Self-pollinated pistils (at least 30 for each genotype) from fully opened flowers were collected and stained with aniline blue according to Mori et al. (2006) and imaged using a Nikon Eclipse 90i microscope with a Plan Apo 4×/0.2 objective and a Zyla sCMOS camera (Andor). Length of the longest pollen tube in every pistil was measured, and recorded values were evaluated statistically using Student’s t-test.

Fluorescent staining of cell wall components

Propidium iodide, Calcofluor White or Aniline Blue was diluted in liquid germination medium and gently applied onto pollen germinated in vitro immediately before imaging. Images were captured using a Zeiss LSM 880 confocal laser scanning microscope with Plan-Apochromat 10×/0.45, Plan-Apochromat 20×/0.8, C-Apochromat 40×/1.2 WI, and C-Apochromat 63×/1.2 WI objectives. Working concentrations, excitation laser wavelengths, and the range of recorded emission wavelengths were as follows: propidium iodide, 30 mM, 514 nm, and 566–719 nm; Calcofluor White, 1 mg/ml, 405 nm, and 410–523 nm; decolorized Aniline Blue, 0.001%, 405 nm, and 410–535 nm.

Cloning, complementation assays and imaging of GFP-tagged EXO70A2

All constructs were prepared using the MultiSite Gateway^® (Invitrogen). For preparation of the pEXO70A2∷GFP:EXO70A2 construct the EXO70A2 promoter (1,068 bp upstream from the start codon) was subcloned into pENTR 5’-TOPO; the GFP gene in pEN-L1-F-L2 was obtained from VIB in Ghent (Karimi et al., 2007); the EXO70A2 (At5g52340) with the stop codon was subcloned into pDONR P2R-P3 using the Gateway BP clonase (Invitrogen). The three elements were then recombined together into the pB7m34GW destination vector (Karimi et al., 2007) using the Gateway LR clonase (Invitrogen).

For cloning of pEXO70A1∷GFP:EXO70A2 and pEXO70A1∷GFP:EXO70A1, the EXO70A1 promoter (1kb upstream from the start codon) was subcloned into pDONR P4-P1r. The EXO70A1 was subcloned into pDONR P2R-P3. Then, multi-site reactions were performed to assemble the EXO70A1 promoter, GFP, and EXO70A1 or EXO70A2 into the destination vector pB7m34GW. The insertions in pDONR vectors were sequenced using M13 primers. The final constructs were sequenced using M13 primers and two GFP primers (see Supplemental Tab. S1).
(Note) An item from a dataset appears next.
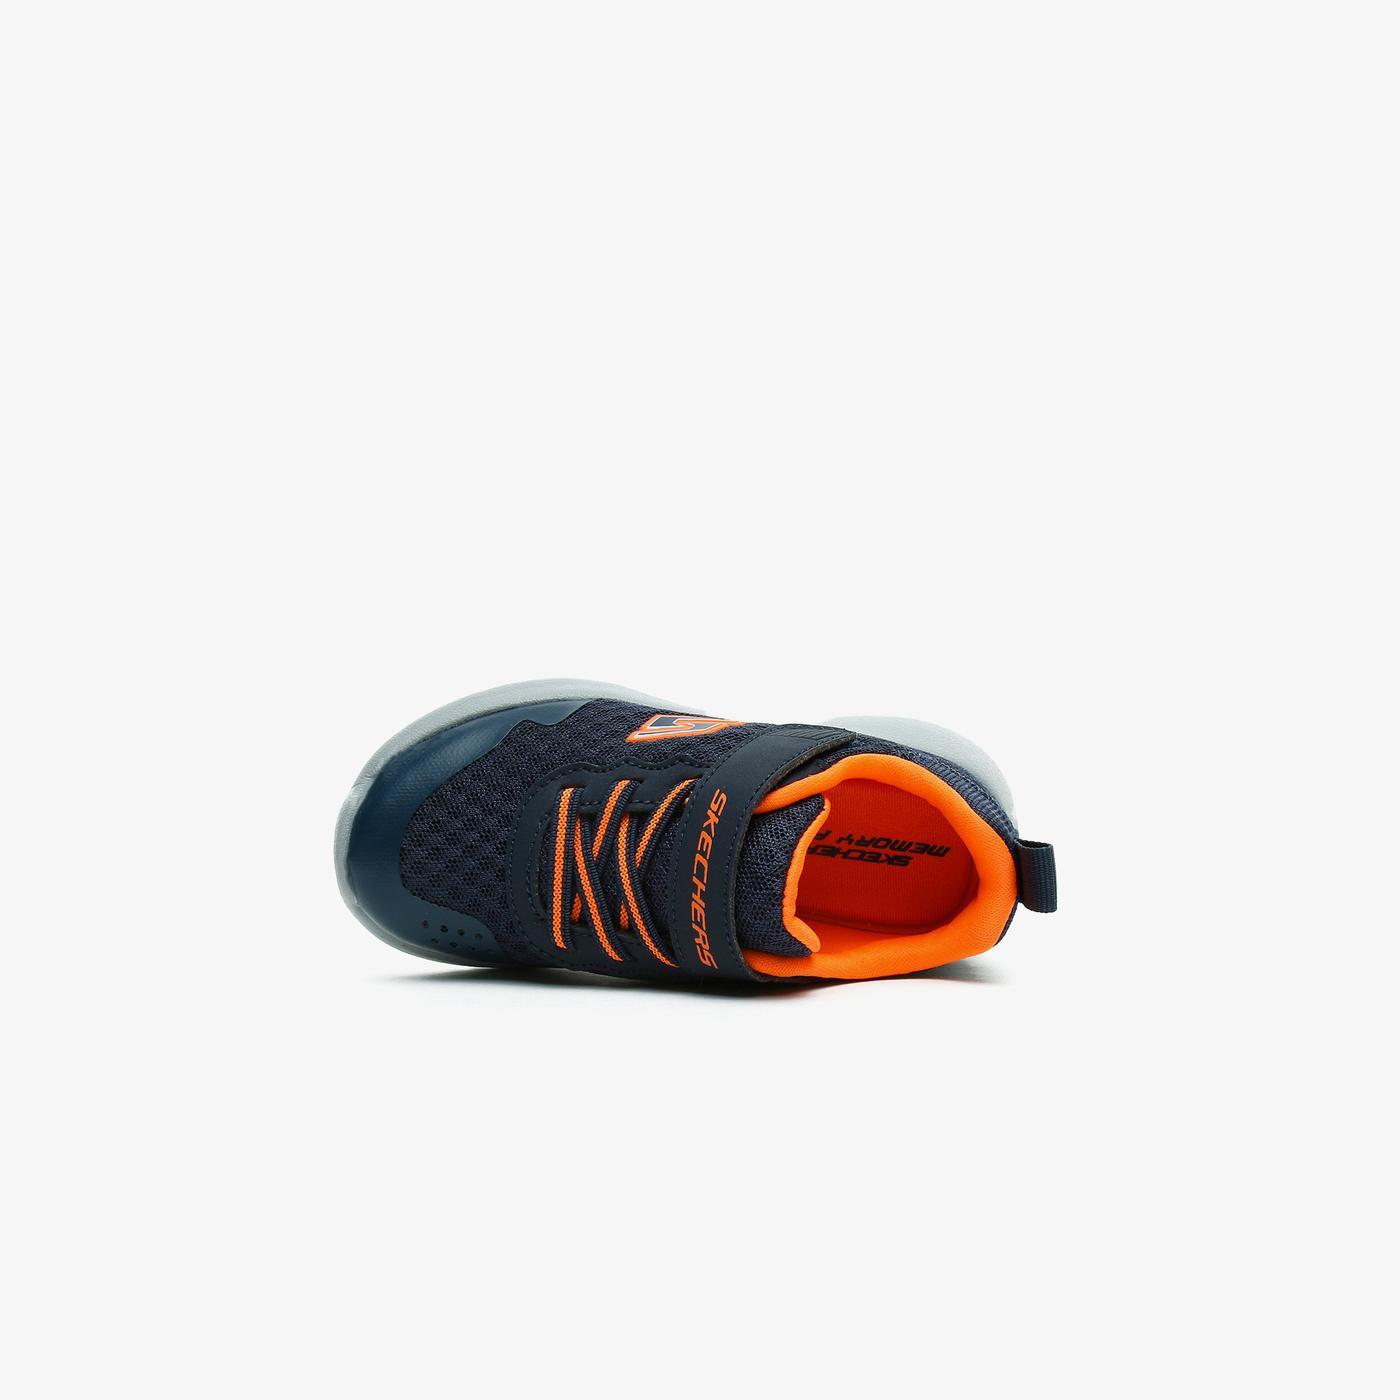 Skechers Dynamight - Hyper Torque Bebek Lacivert Spor Ayakkabı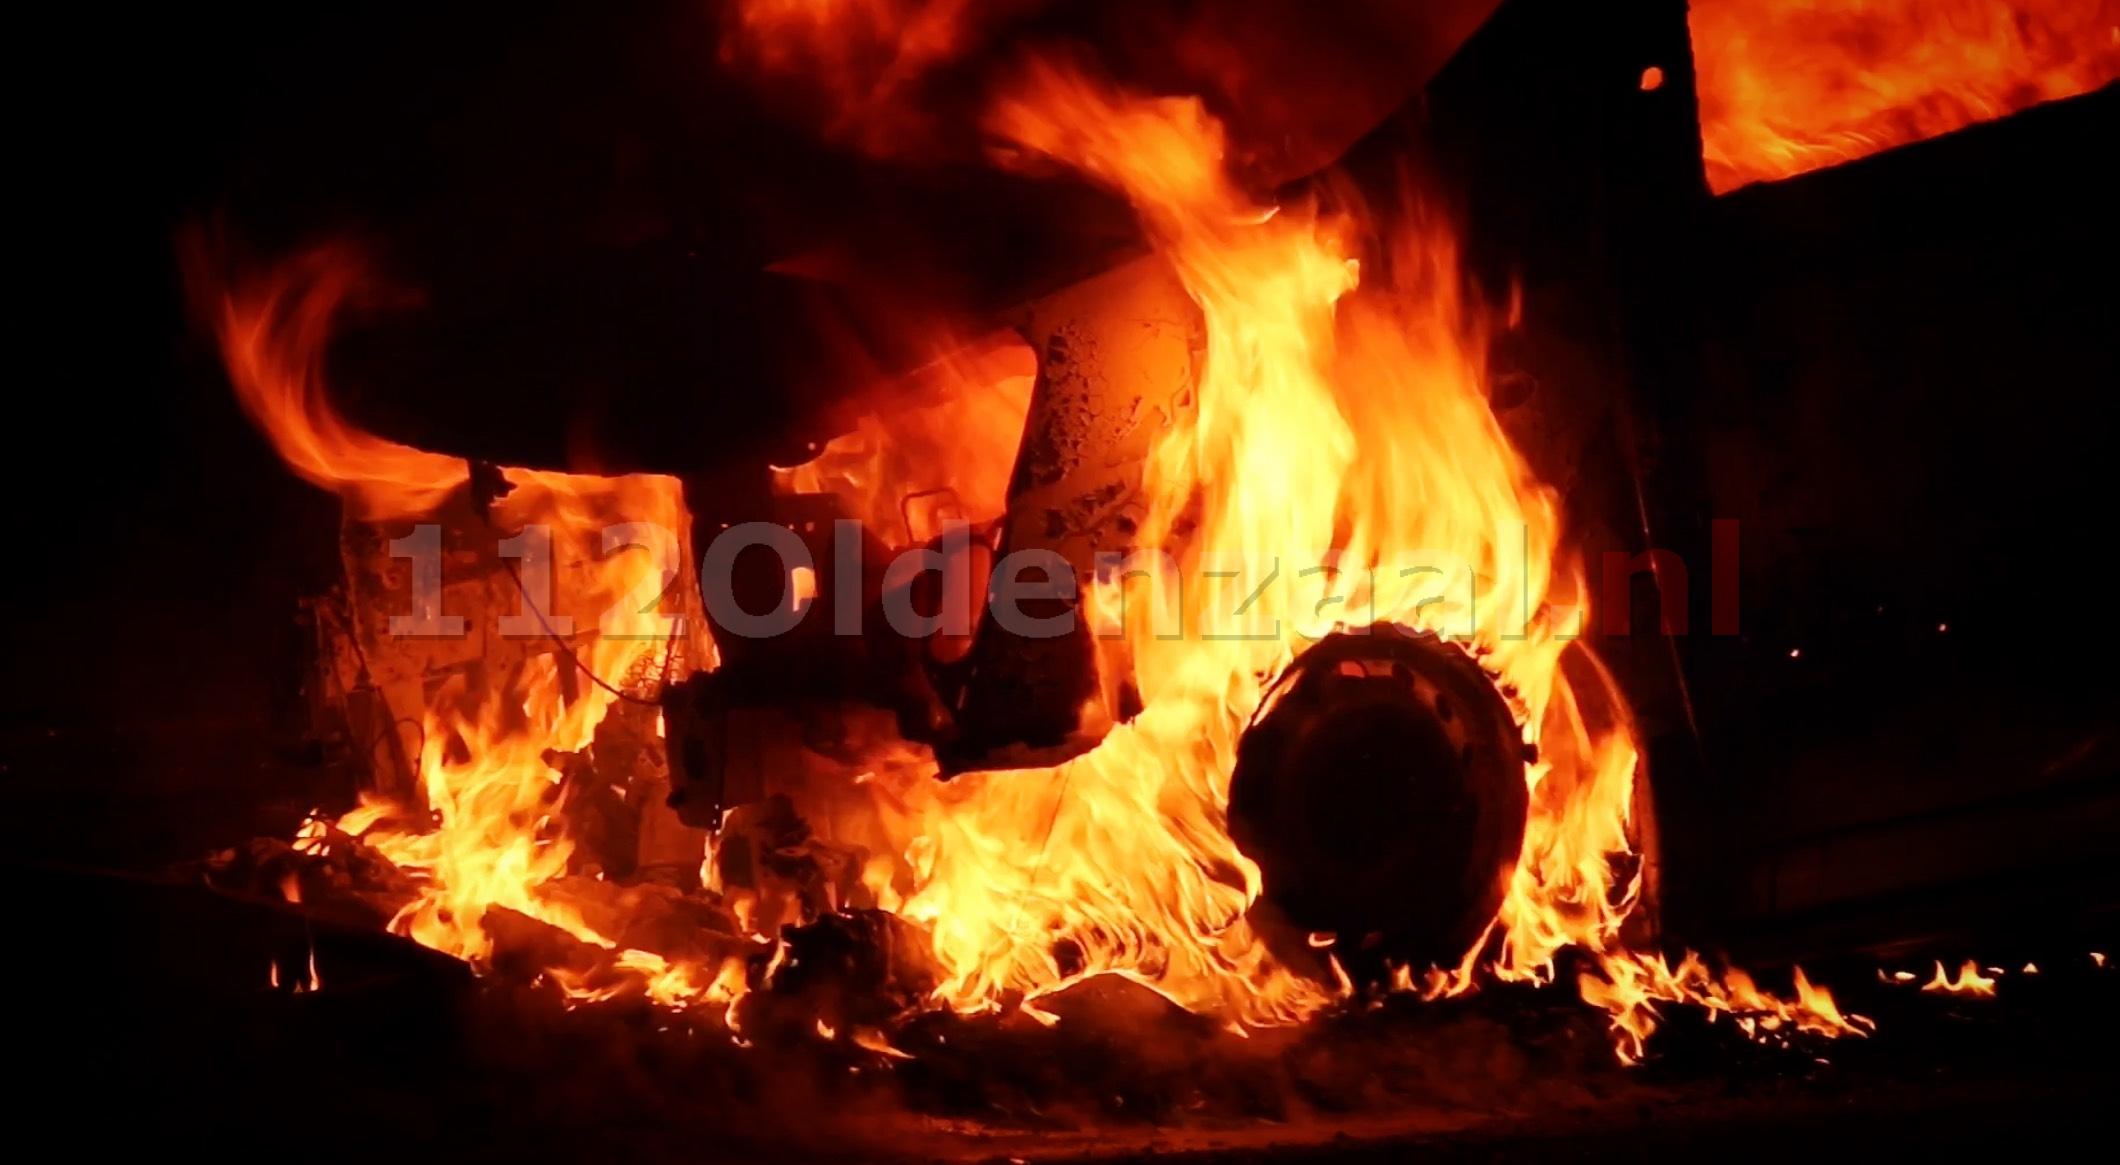 Foto: Busje volledig verwoest na brand op parkeerplaats langs A1 bij Deurningen

The final pEXO70A2∷GFP:EXO70A2 construct was then introduced to exo70a2 heterozygous plants, while pEXO70A1∷GFP:EXO70A1 and pEXO70A1∷GFP:EXO70A2 to exo70a1 heterozygous plants, using the Agrobacterium tumefaciens-mediated floral dip method (Clough and Bent, 1998). Transformed seedlings were selected on BASTA. Complementation assays were performed using 3 or more independent transformed lines for each construct.

The subcellular localization of GFP:EXO70A2 in pollen grains, pollen tubes and roots was performed using a Zeiss LSM 880 confocal laser scanning microscope equipped with C-Apochromat 63×/1.2 WI. The fluorophore was excitation with a 488-nm laser, and emitted fluorescence was recorded at 493–535 nm. The pollen was germinated as described above and carefully transferred to the microscope 2 h after imbibition.